Set down the data again exactly. Pictures are not part of the copy.

GIVEN DATA>
[Start of Attachment]

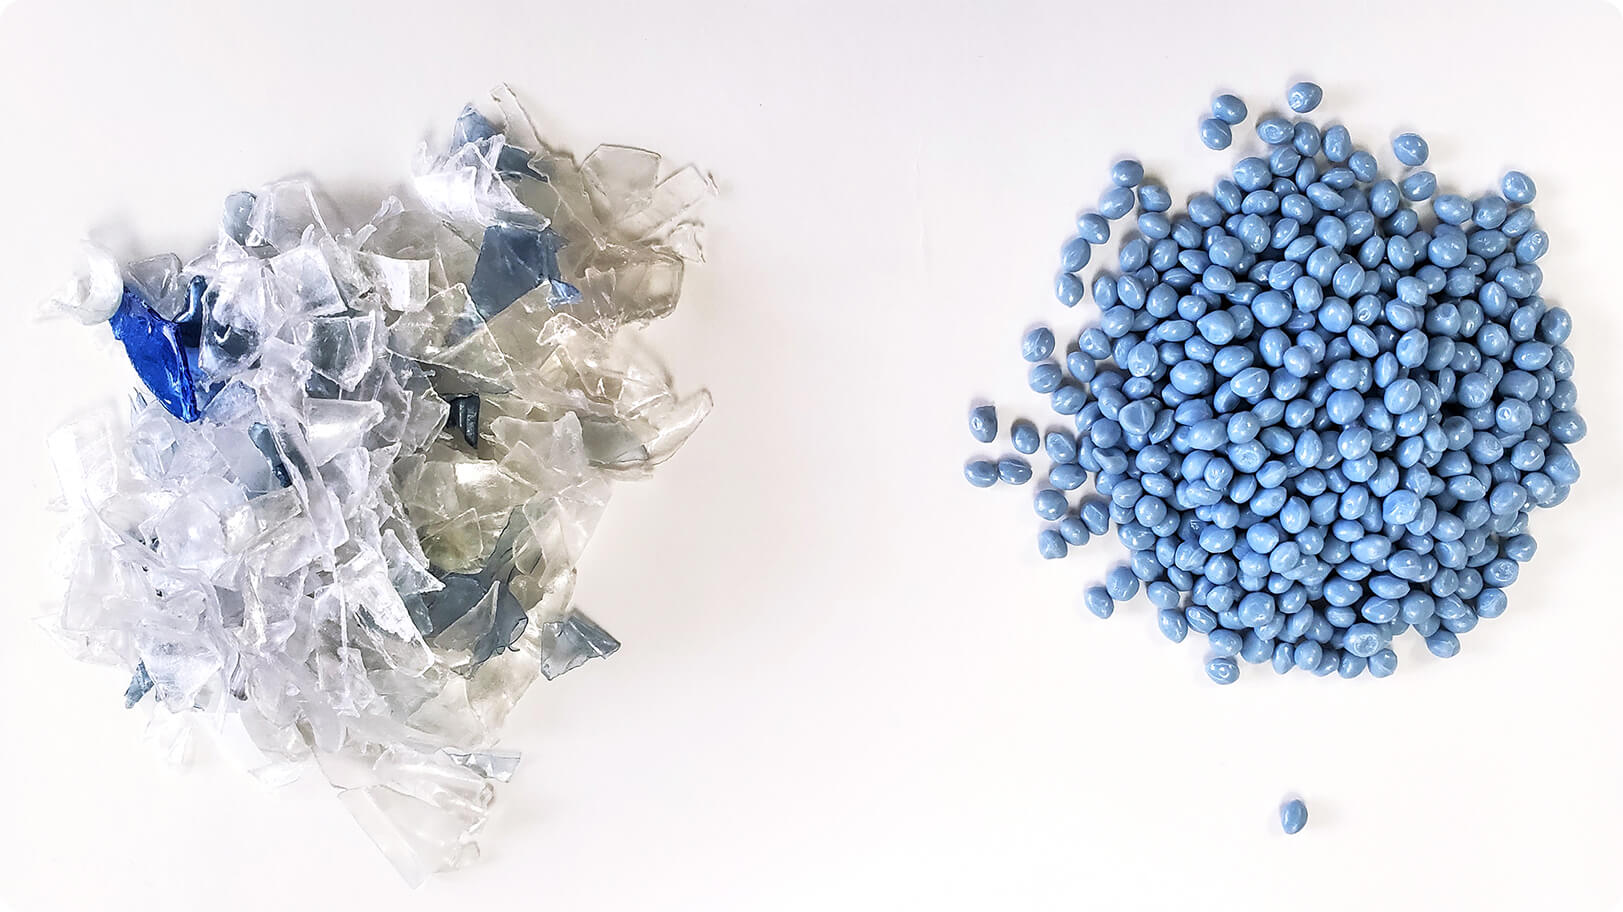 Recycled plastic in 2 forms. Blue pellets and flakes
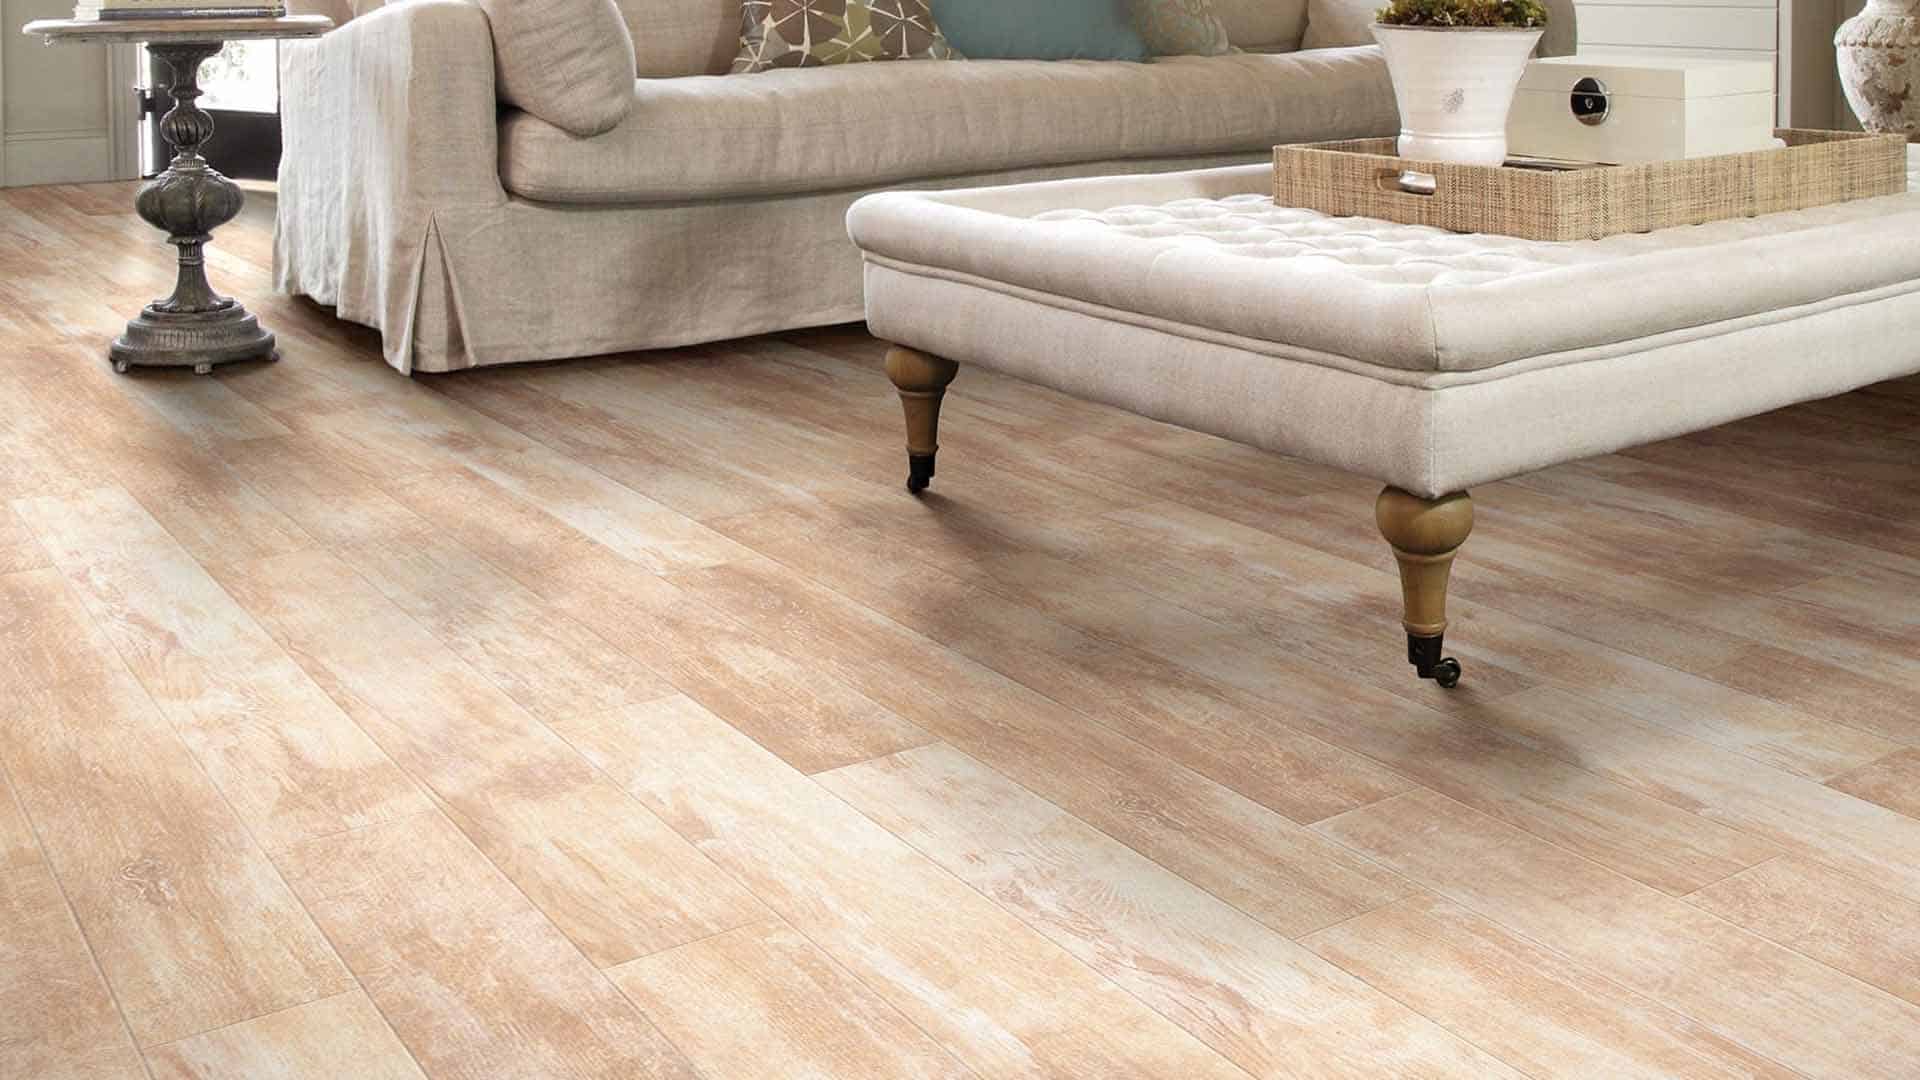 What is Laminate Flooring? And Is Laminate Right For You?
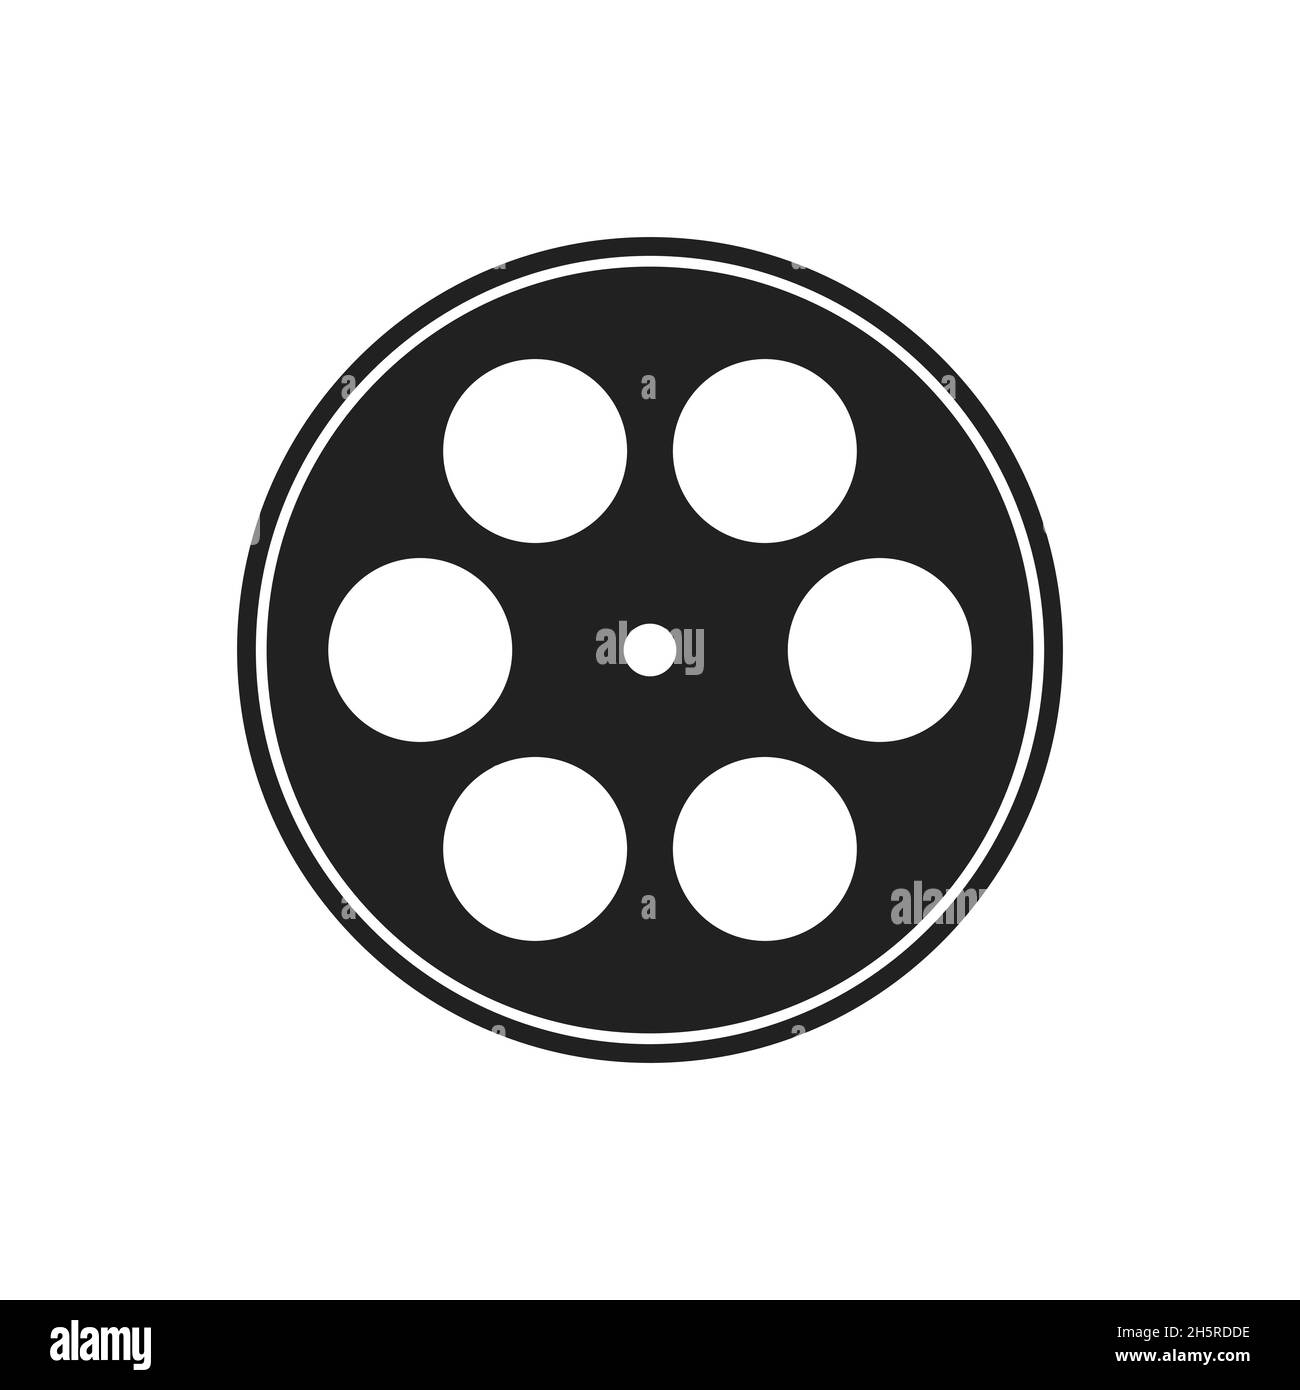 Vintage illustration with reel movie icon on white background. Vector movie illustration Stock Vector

[End of Attachment]

TASK RESULT>
 Recycled plastic in 2 forms. Blue pellets and flakes
 What is Laminate Flooring? And Is Laminate Right For You?
 Vintage illustration with reel movie icon on white background. Vector movie illustration Stock Vector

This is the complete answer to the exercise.